The lives of women here are indeed far removed from the harsh social norms and crippling restrictions that prevail in the conservative eastern republics. Women from Kabardino-Balkaria enjoy careers across the board including in male-dominated spheres. They travel the world and enjoy physical sports, like jumping out of planes on their weekends. 

But just below this relaxed surface stringent gender roles persist, often reinforced by the guilt-trip of ethnic propriety (‘a good Kabardin girl does this’, ‘a proper Balkar woman does that’) and characterised by vicious double standards. Women in Kabardino-Balkaria may spend years abroad to acquiring a PhD. But back home, they have to live with their parents until they get married. Bride kidnapping is common, and a victim’s modernity and worldliness is no protection. The concept of honour, or premarital virginity, is still paramount, as our first author from the region reveals.  


Unlike its ethnically more homogenous neighbours, Dagestan’s patchwork of linguistically diverse ethnicities underpins a lively press and culture. This is especially true in its urban centres, the only ones in the region which have the feel of real cities. In Dagestan’s bustling if somewhat run-down sea-side capital Makhachkala, young women in skinny jeans and flowing hair share the streets, student cafés and lecture halls with their peers in floor-length skirts and elaborately wrapped hijabs. Neither one gives the other a strange look – a strikingly different picture from the rigid conformism and judgmental attitudes in Chechnya and Ingushetia.  For all its urban diversity, however, Dagestan also features the most remote villages of the entire North Caucasus. Precariously perched on the terraced sides of deep valleys, cut off from the rest of the world for months every year, they are home to communities so isolated that they speak their very own languages. The lives of women in these often desperately poor villages follow archaic patterns, constructed around the harshest gender roles. And yet, somehow, every year teenage girls from these far-away places still make it to the cities, go to university – and find themselves caught between two worlds. 

In Dagestan, too, the fight between the fundamentalist militants and the security forces has built up to staggering levels of daily, horrifying violence and human rights abuse. The militants do not just target the police. They frequently attack banyas (or Russian saunas, a euphemism applied to brothels) and shops selling alcohol. In summer 2011, they planted mines under the women’s volleyball field on the beach, and one woman had her leg blown off.

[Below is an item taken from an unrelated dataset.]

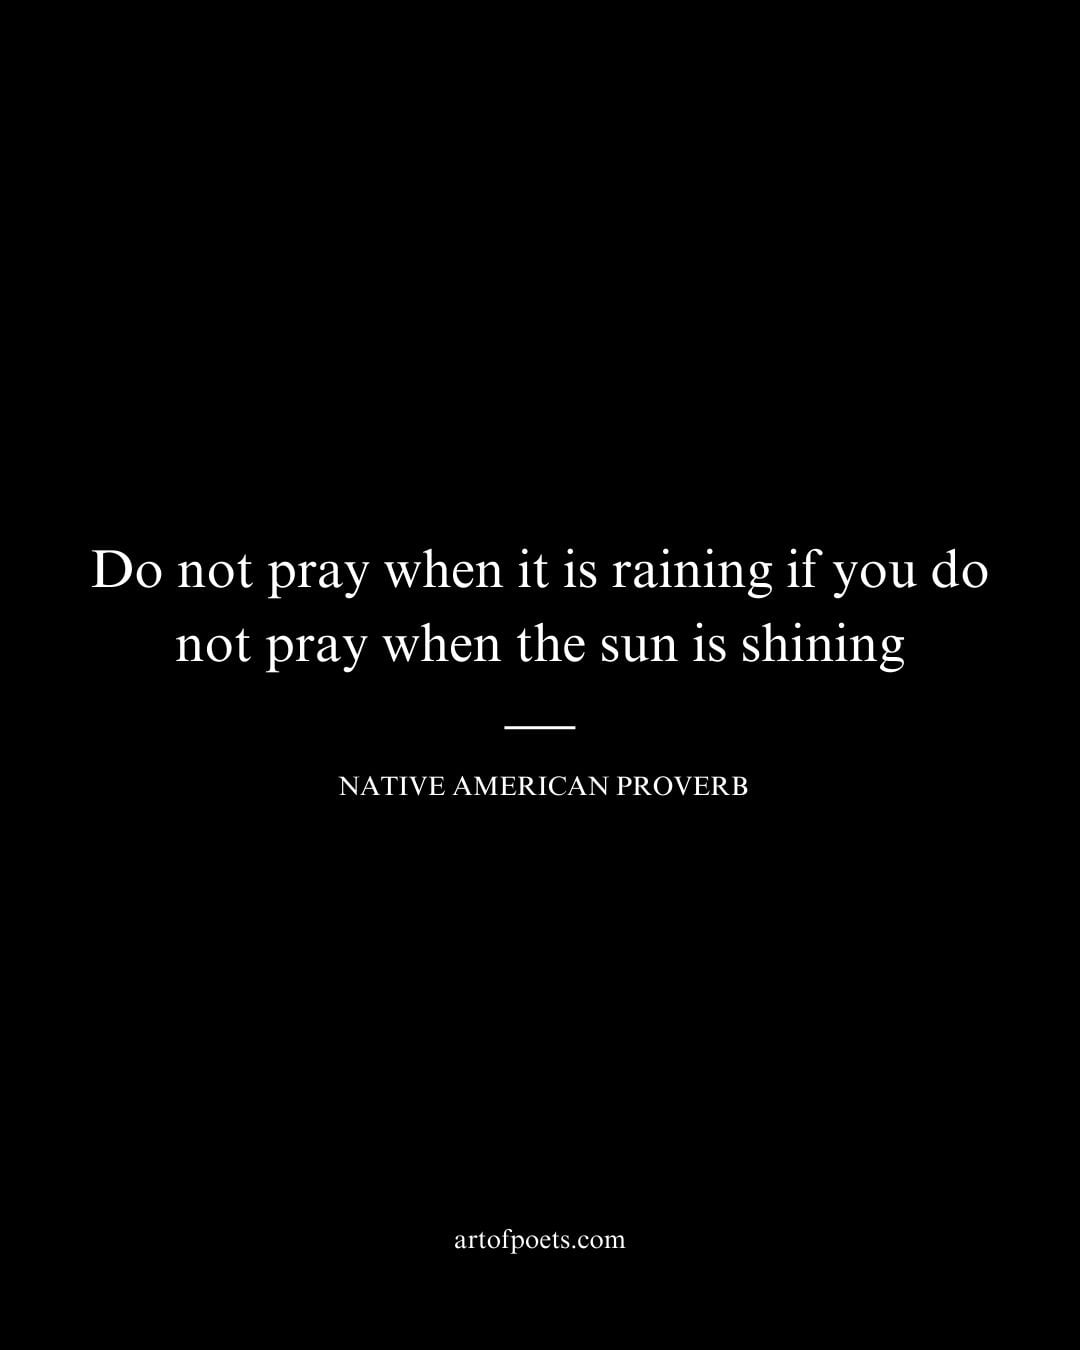 Do not pray when it is raining if you do not pray when the sun is shining

Nowhere across the region is the fear of this invisible, unpredictable, ‘they are hiding right among us’ underground more palpable than in Dagestan. It is felt most by those who still pointedly identify as secular – a term which few outside Dagestan’s cities, in Chechnya or Ingushetia, would choose to describe themselves. As in Ingushetia, women’s rights activists in Dagestan consider the fundamentalists the main threat to their work.

Why are women’s lives the way they are in the North Caucasus? We may not be able to answer this question in this series. But the stories we have to offer by and about women from the region will keep on exploring the issue.  While some of our contributors write from the comparative security of exile, most live in the North Caucasus. For these women, the very act of contributing involves extreme risk.